On November 23, 1963, the morning after he swore the oath of office in an impromptu ceremony aboard Air Force One, President Lyndon B. Johnson called Bob Waldron to commiserate about the colossal burden that had just been placed upon his shoulders.
A native of Arp, Texas, a town of fewer than 1,000 inhabitants some 125 miles east of the city where Johnson’s predecessor, John F. Kennedy, had just been assassinated, Waldron, 36, was an administrative assistant for Representative Homer Thornberry, Johnson’s heir to the Tenth Congressional District seat in Texas. Waldron had moved to Washington in 1955. By 1959, though technically still in Thornberry’s employ, he had essentially become a member of Johnson’s Senate staff, one of several people whom allies and benefactors “loaned” to the then–Senate majority leader during his decades-long political rise. Johnson had initially recruited Waldron for his quick note-taking skills, but he soon became something much more significant: a combination of aide, travel companion, and personal confidant. Waldron’s role gradually expanded to “body man,” that term for an all-purpose gofer so particular to Washington—where some in positions of authority view menial tasks such as inserting contact lenses and picking their daily wardrobe as beneath their dignity. In time, Waldron became a fixture in Johnson’s retinue outside the office, once attending dinner at the Johnson home, by his own estimate, 14 nights in a row.
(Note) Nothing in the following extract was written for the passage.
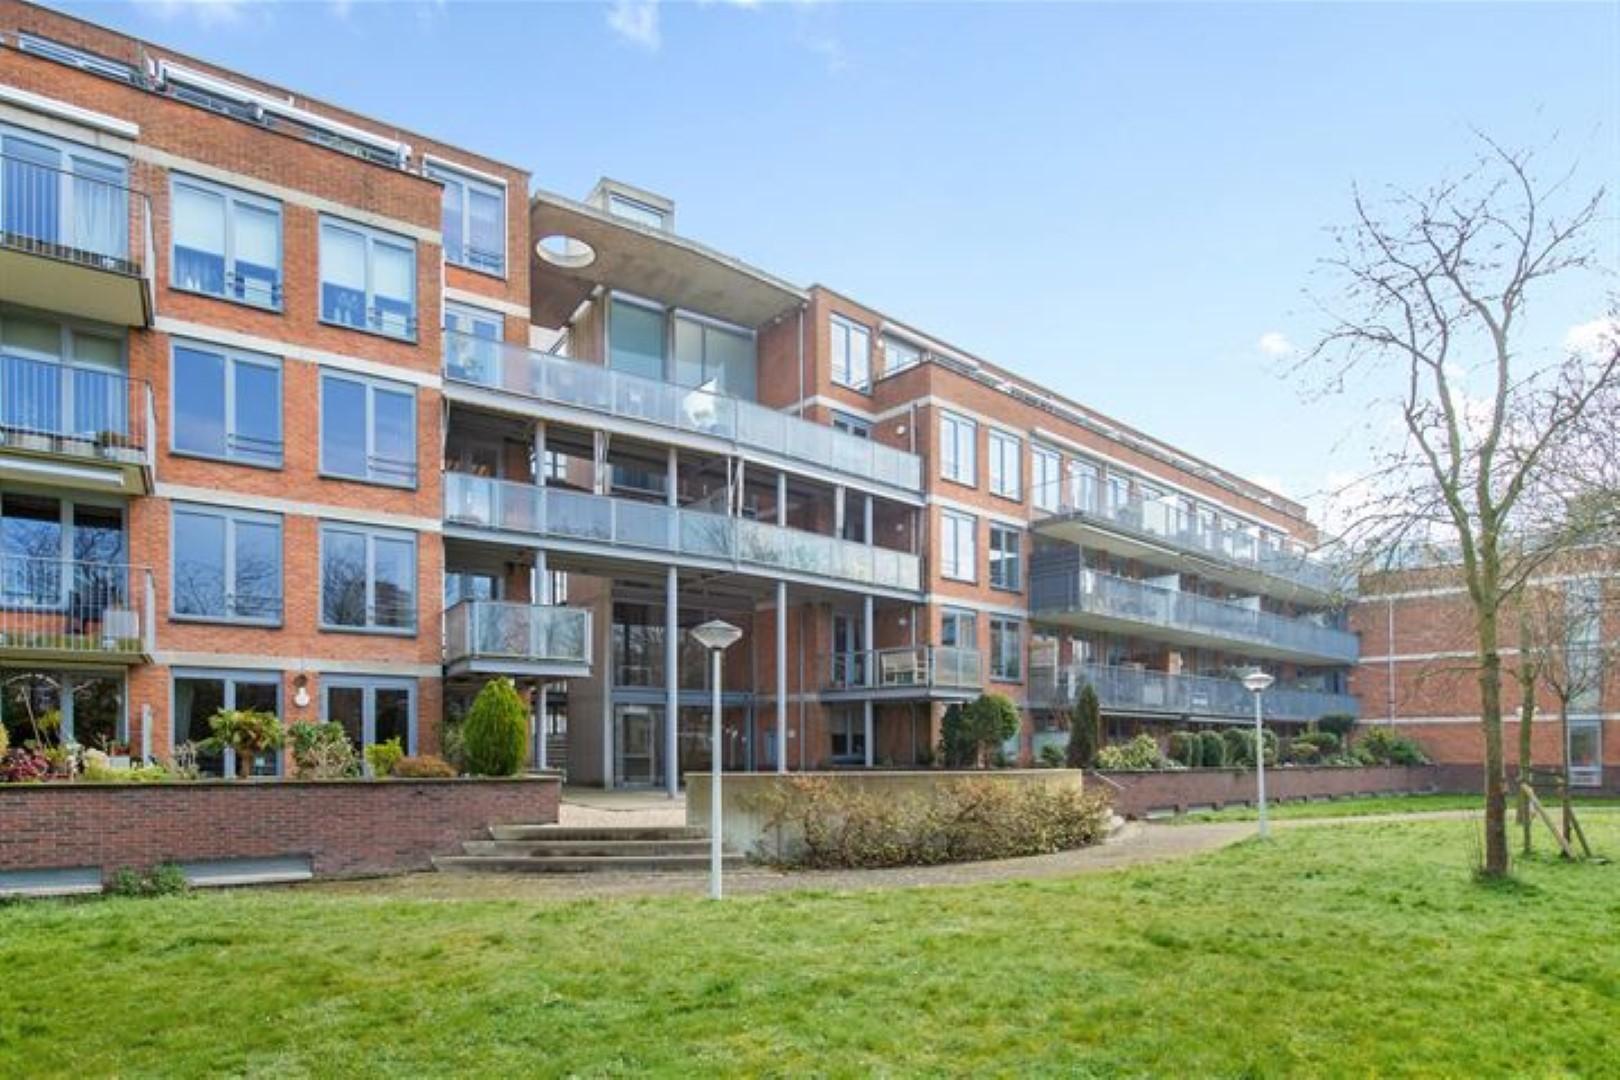 3-kamer appartement in Leiden Zuidwest Op loopafstand ligt het winkelcentrum Wagnerplein

But just as Waldron was about to fulfill a lifelong ambition to work for the president of the United States, forces beyond his control were preparing to ensure that he would be prevented from doing so. For nearly half a century, no graver sin existed in the black book of American politics than homosexuality. From World War II until the end of the Cold War, untold thousands of gay men and women were either purged from government service or denied employment altogether, solely because of their sexual orientation.
At the same time, some of the most important prerequisites for success in the nation’s capital—the ability to work long hours on a low government salary, a willingness to travel at a moment’s notice, prioritizing career over family—are more easily attained by those without a family to support, a set of circumstances that made Washington an especially attractive place for gay people, gay men in particular. The city has long attracted the archetypical “best little boy in the world,” the author Andrew Tobias’s term for a certain type of gay young man who diligently channels the adversity engendered by his secret into academic pursuits, so many of whom have made their way to Washington because of its peculiar appetite for the skills that secret bred.
Bob Waldron was one such man. He was not a senior adviser to Johnson, and his name appears just once in Robert Caro’s magisterial, multivolume biography of the 36th president. And yet, for several years, he was for Johnson something very close to a substitute son. Had Waldron not been burdened with the same secret that thwarted the dreams of so many other young men and women in American politics, and that eventually spelled the ruin of his own, he might have achieved power and prominence in his own right. Waldron’s experience, captured in now-declassified government records and told in full here for the first time, reveals just how much these gay Americans sacrificed—and how even someone unwaveringly loyal to one of the country’s most skillful politicians was vulnerable to destruction.
By the fall of 1963, Johnson had decided to bring Waldron onto his executive-branch staff. As vice president, Johnson had a limited number of positions he could fill, fewer than when he was Senate majority leader. To work around this obstacle, he decided to place Waldron on the payroll of the National Aeronautics and Space Council, the body that President Dwight Eisenhower created in 1958 to coordinate government efforts on space exploration, and of which President Kennedy had appointed Johnson chairman at the outset of his administration. On October 31, Waldron filled out a formal job application.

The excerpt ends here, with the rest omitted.